Alice! Health Promotion. "Does fear of another sex impact my sexuality?." Go Ask Alice!, Columbia University, 08 Mar. 2024, https://goaskalice.columbia.edu/answered-questions/does-fear-another-sex-impact-my-sexuality. Accessed 19, Dec. 2024.

Alice! Health Promotion. (2024, March 08). Does fear of another sex impact my sexuality?. Go Ask Alice!, https://goaskalice.columbia.edu/answered-questions/does-fear-another-sex-impact-my-sexuality.

Dear Alice,

I am a woman who has always been attracted to other women. Until recently, I was attracted to men as well. Now I am almost exclusively attracted to women... which would be fine, except that I think this attraction has a lot to do with painful experiences I’ve had with men. When I was younger, my father was dominant and somewhat abusive, and my first boyfriend was emotionally manipulative and pressured me to have sex with him. After breaking things off with him, I had a very positive sexual relationship with a woman. Am I a lesbian, or am I a bisexual who is just afraid of men? If the latter is true, is there any way to get over this fear?

Thank you.

Dear Reader, 

Reflecting on how early relationships affect your current experiences can be complex and difficult to do. People can experience changes in attraction, behavior, and how they label themselves for many reasons. For some, these changes can be the result of a negative experience or trauma but may also be related to personal growth and discovery. If you’re concerned that these changes are a result of trauma, there are many ways to manage these experiences through hobbies or mental health support. That said, you may also just be discovering more about your sexual orientation. If this is the case, only you can decide what labels (if any) feel right for you. 

Sexual fluidity describes the shifts in sexual orientation that a person may experience. This includes a shift in identity, attraction, or behavior. Every situation is different, so these shifts can vary by person and experience. This fluidity is often a natural part of self-discovery and recognizing that these changes are common may help normalize it and reduce stigmas. 

These shifts in sexual identity are often associated with a range of health outcomes. While sexual fluidity can be associated with higher substance use, depression, and weight gain this isn’t always the case. There’s also further nuance when considering the person’s gender, environment, culture, and beliefs. Unfortunately, there isn’t currently an explanation of the direct cause of these outcomes. This makes it unclear as to whether sexual fluidity leads to more negative health outcomes or if the health outcomes are a precursor to understanding a new identity. 

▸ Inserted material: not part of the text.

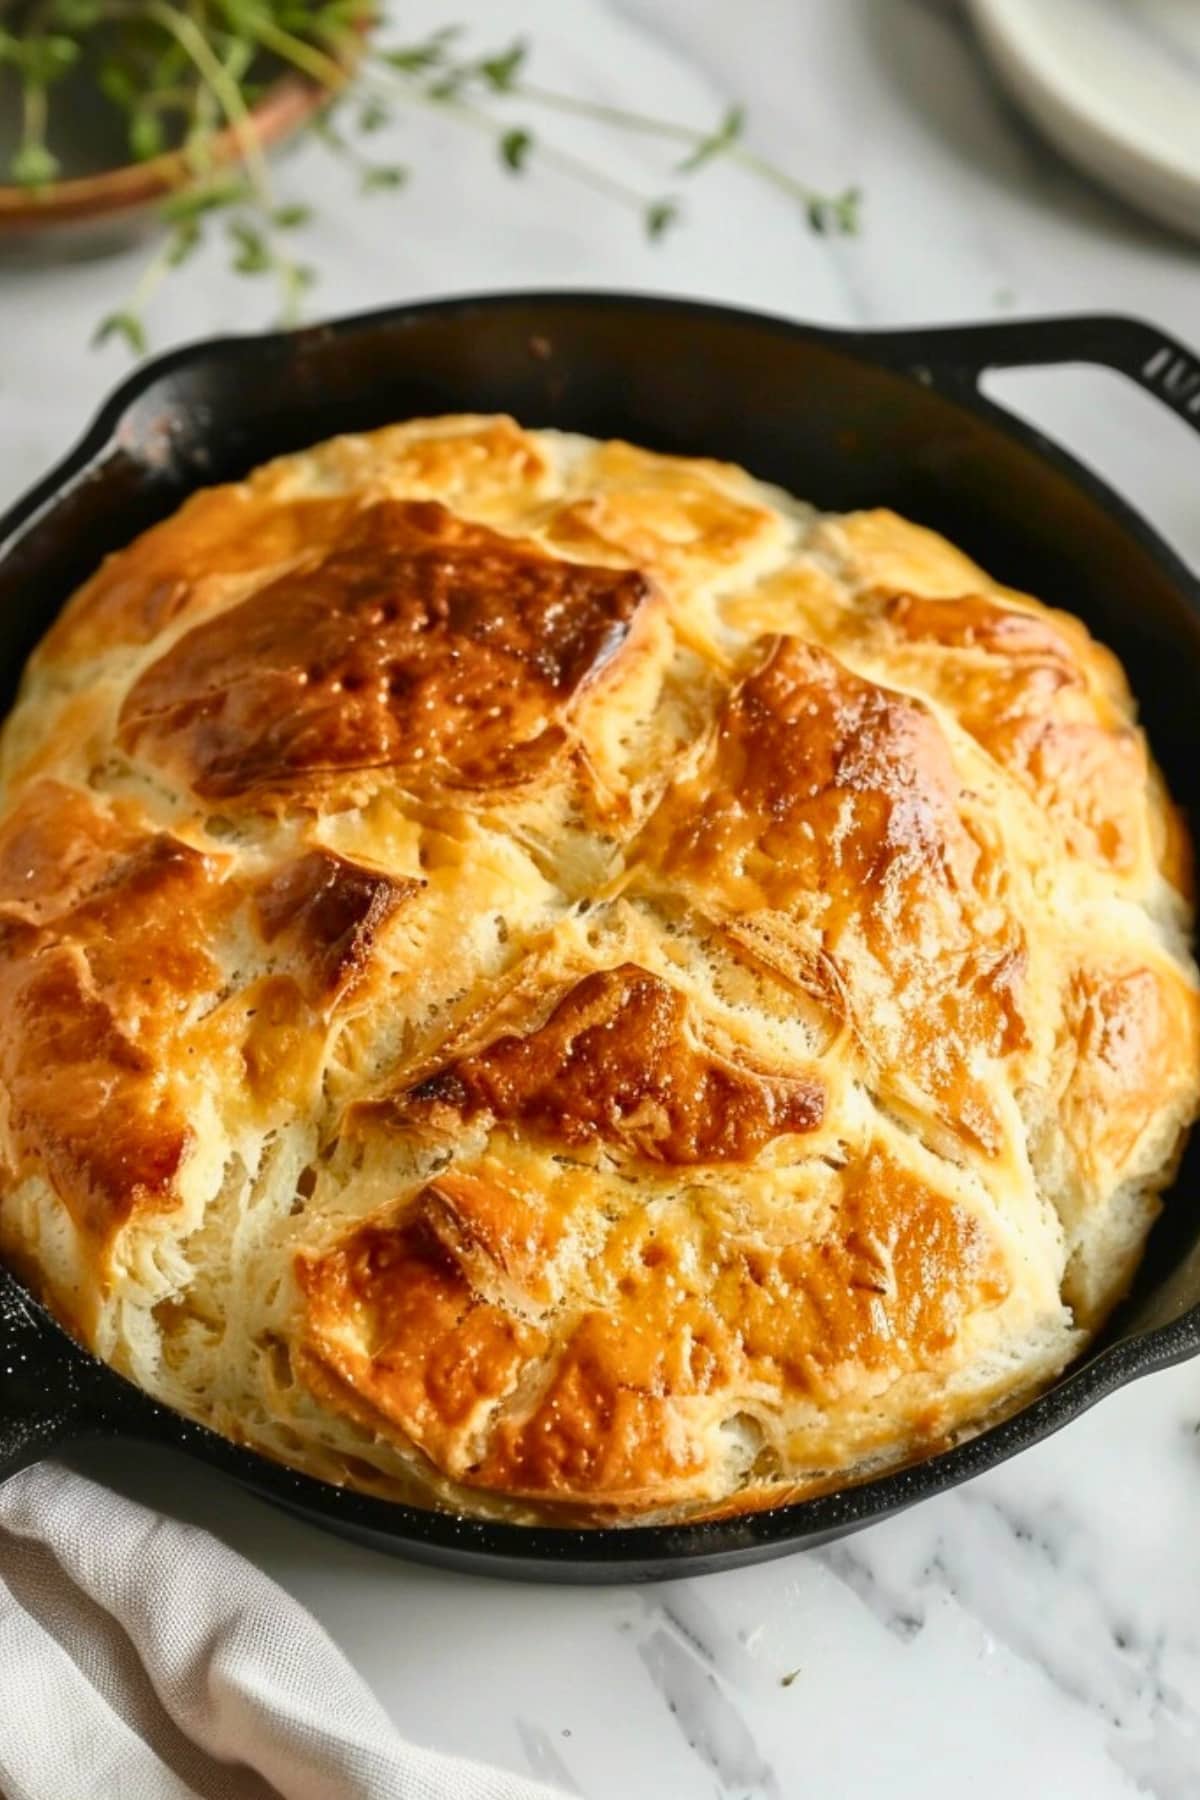 Biscuit bread in a cast iron skillet.

Sexual fluidity can occur for many reasons. Researchers have studied the connection between sexual identities and how sexual trauma influences a shift in orientations. One study found that as women’s (term used by the research) likelihood of shifting towards a queer identity increased with their experiences of sexual trauma.  However, these factors are likely only a portion of what influences shifting sexual identities. Researchers note that it’s unclear whether the changes in sexual identity came before or after their experiences of sexual violence. It was also found that women’s sexual identities seem to be impacted by the enforcement of heterosexuality and rape culture. It’s important to note that the study focused on how people identify (such as gay, lesbian, straight), not who they’re sexually attracted to. 

You mention that your confusion may be due to the fear of men that you’ve developed. When this fear is significant, it may be a phobia called androphobia. This may be caused by experiencing or witnessing: 

  • Abuse or violence 
  • Bullying or intense authority figures 
  • Sexual assault or trauma 

List adapted from the Cleveland Clinic 

Whether or not you have androphobia, you may try some coping mechanisms to help you with your fears. These include: 

  • Finding a support system to discuss the trauma with and aid you with tasks you find difficult 
  • Focusing on your health by finding time to eat, exercise, and sleep 
  • Looking for new hobbies 
  • Practicing patience with yourself and your healing 

List adapted from the American Psychological Association 

Along with these coping techniques, you may consider seeking out the help of a mental health professional. Cognitive behavioral therapy (CBT) and exposure therapy are often beneficial for those managing fears and anxieties. Additionally, a health care professional may prescribe medications to lower the symptoms associated with fear. 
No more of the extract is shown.